● **Task to complete**
Leaving out all pictures, write down exactly the lines from the one containing "Gerald Sorin and Rabbi Hillel Cohn" through the last line of the material.

● **Supplied data**

____________

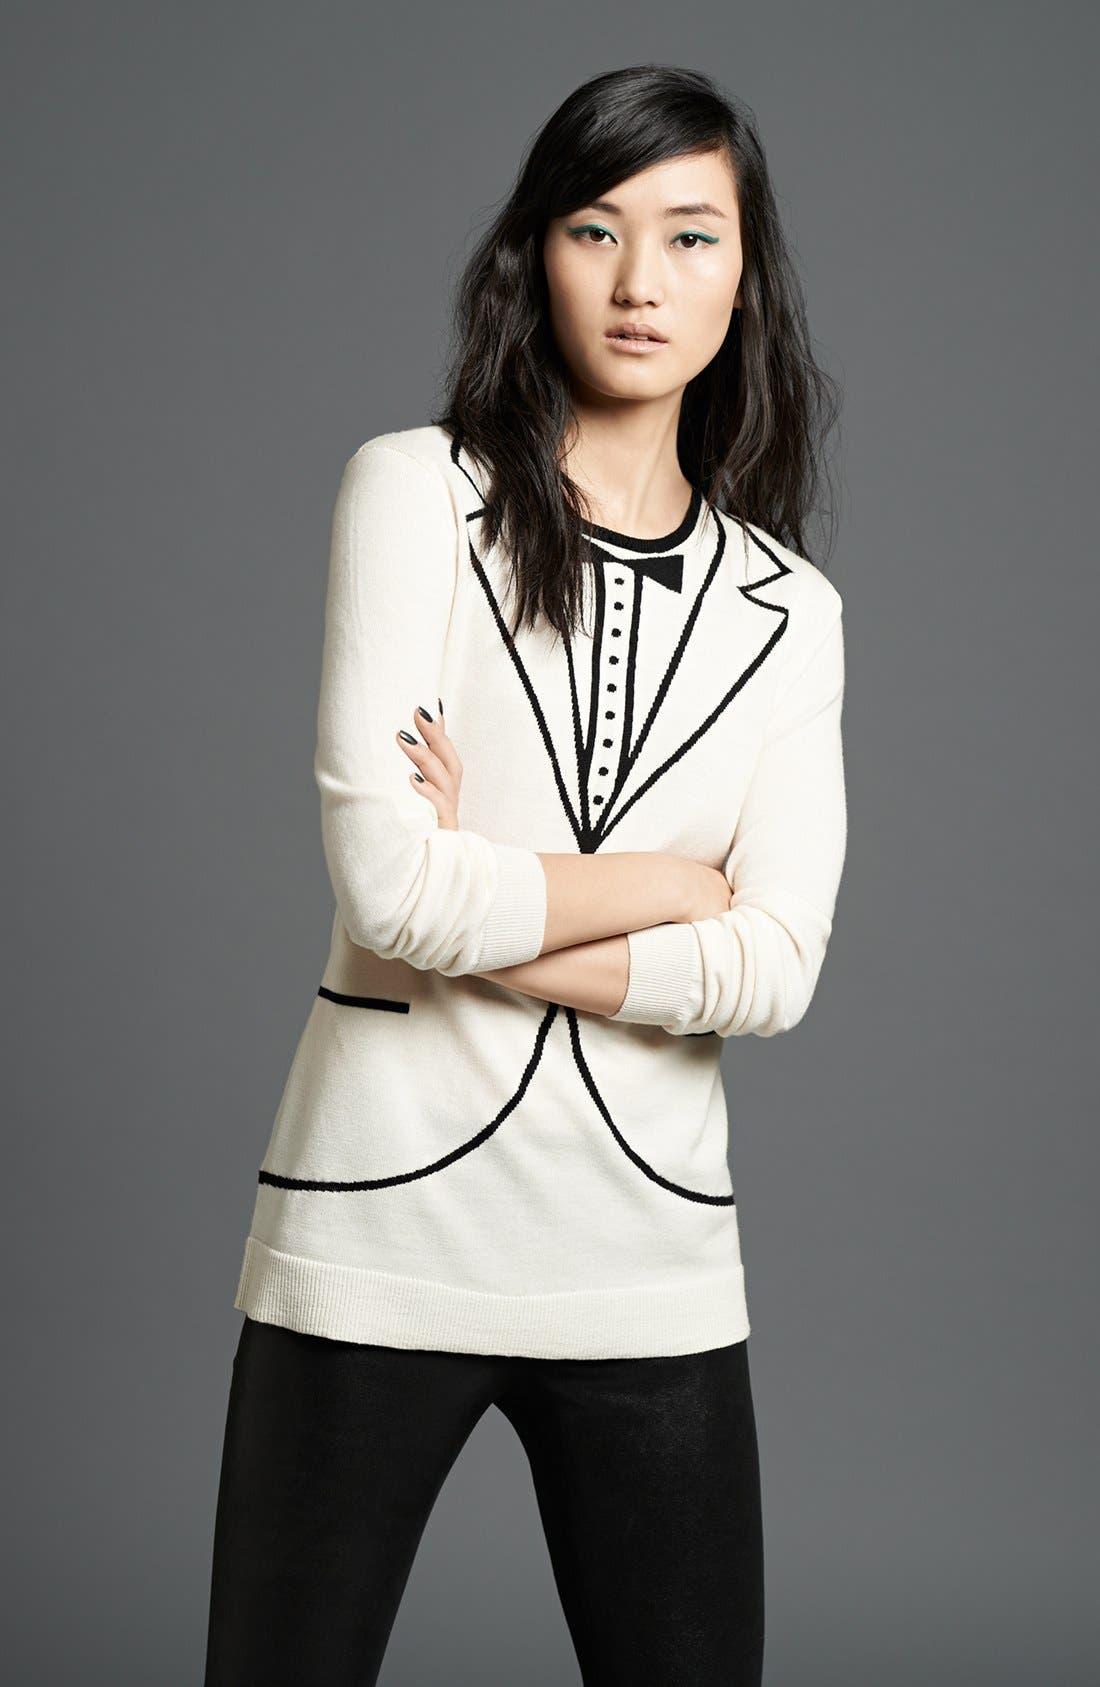 Main Image - L'AGENCE Sweater & Leggings
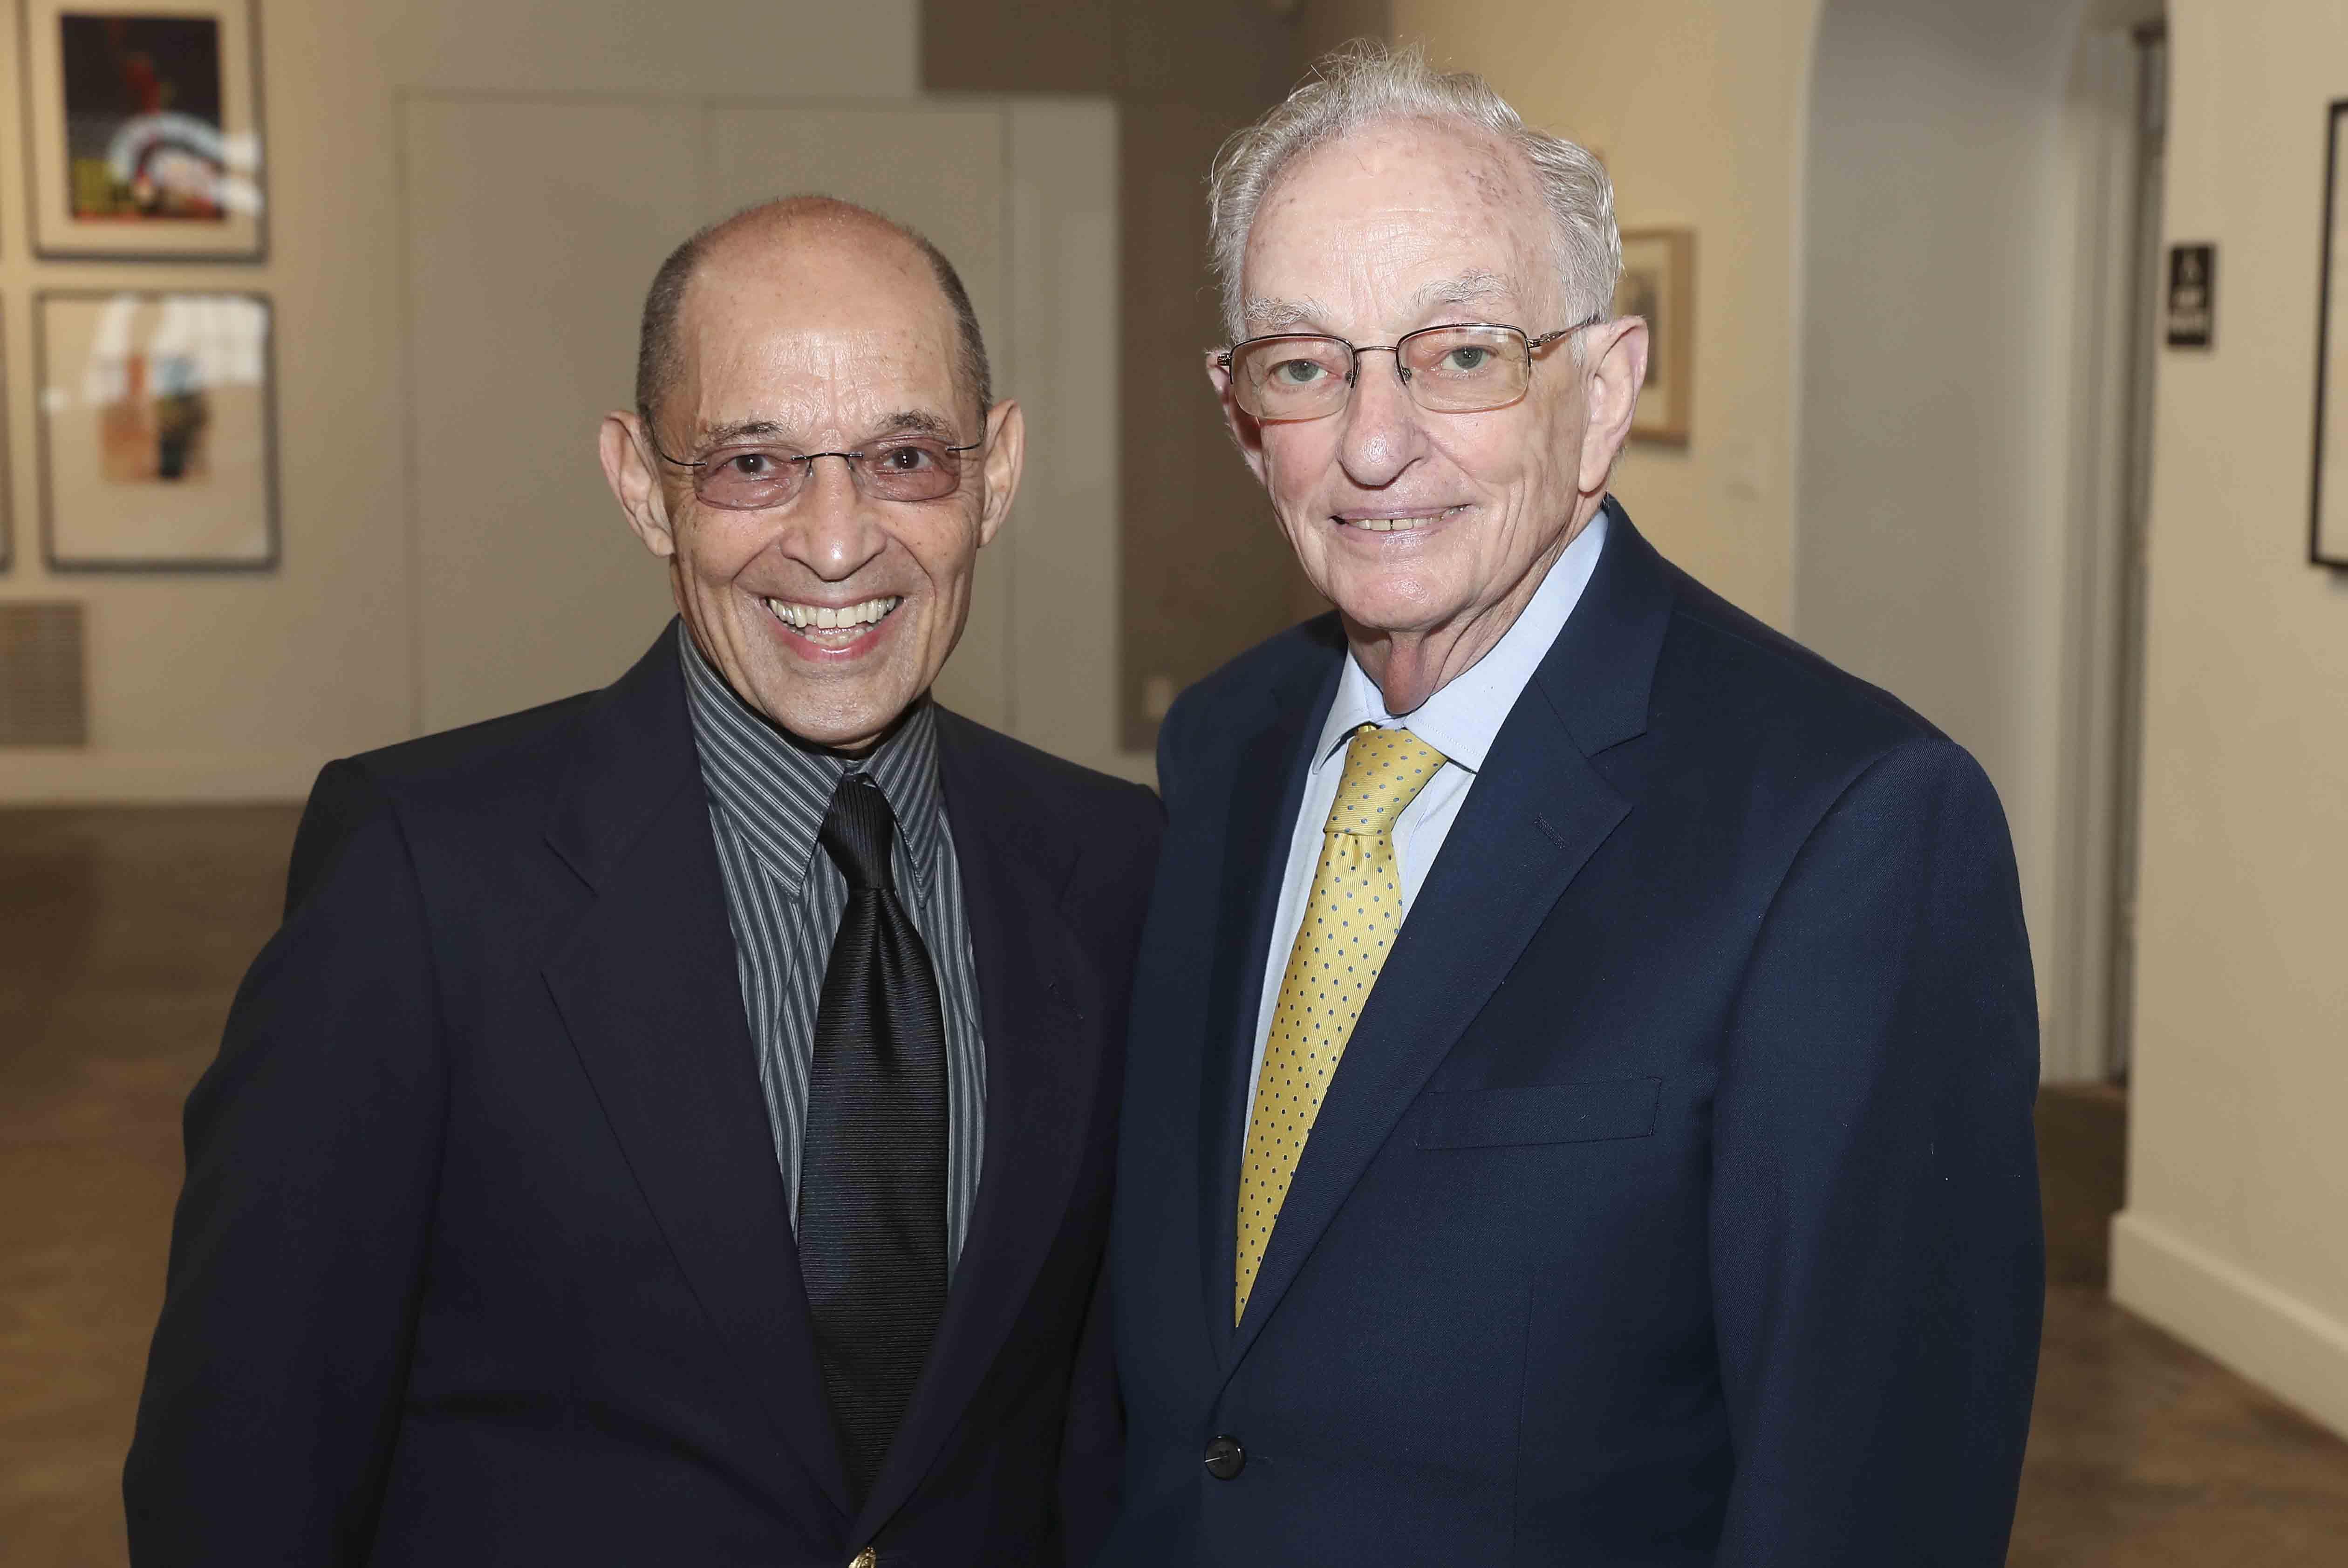 Gerald Sorin and Rabbi Hillel Cohn
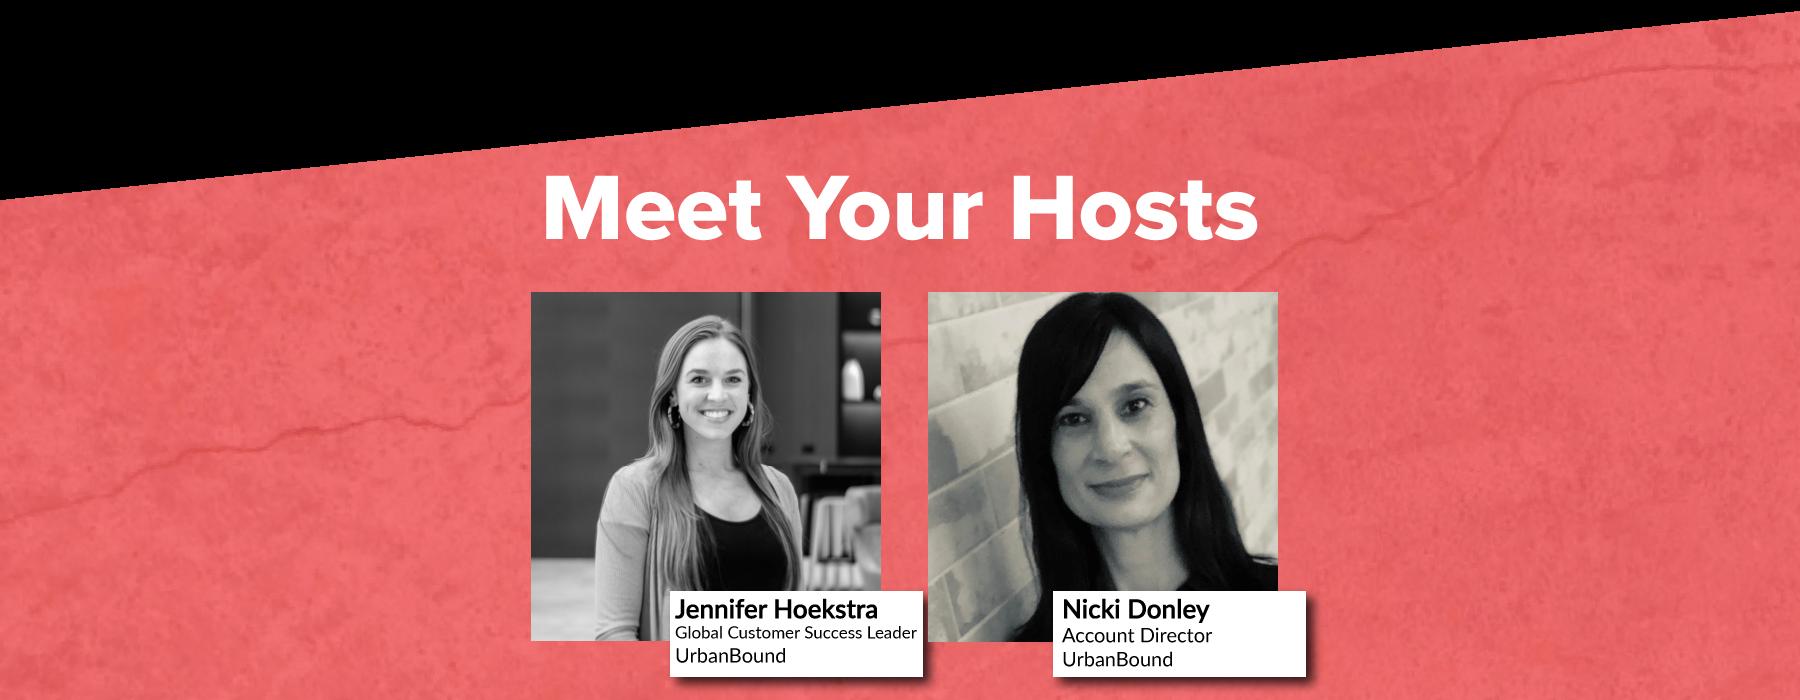 Meet-Your-Hosts---Internal-Transferees

____________

● **The completed task**
 Gerald Sorin and Rabbi Hillel Cohn
 Meet-Your-Hosts---Internal-Transferees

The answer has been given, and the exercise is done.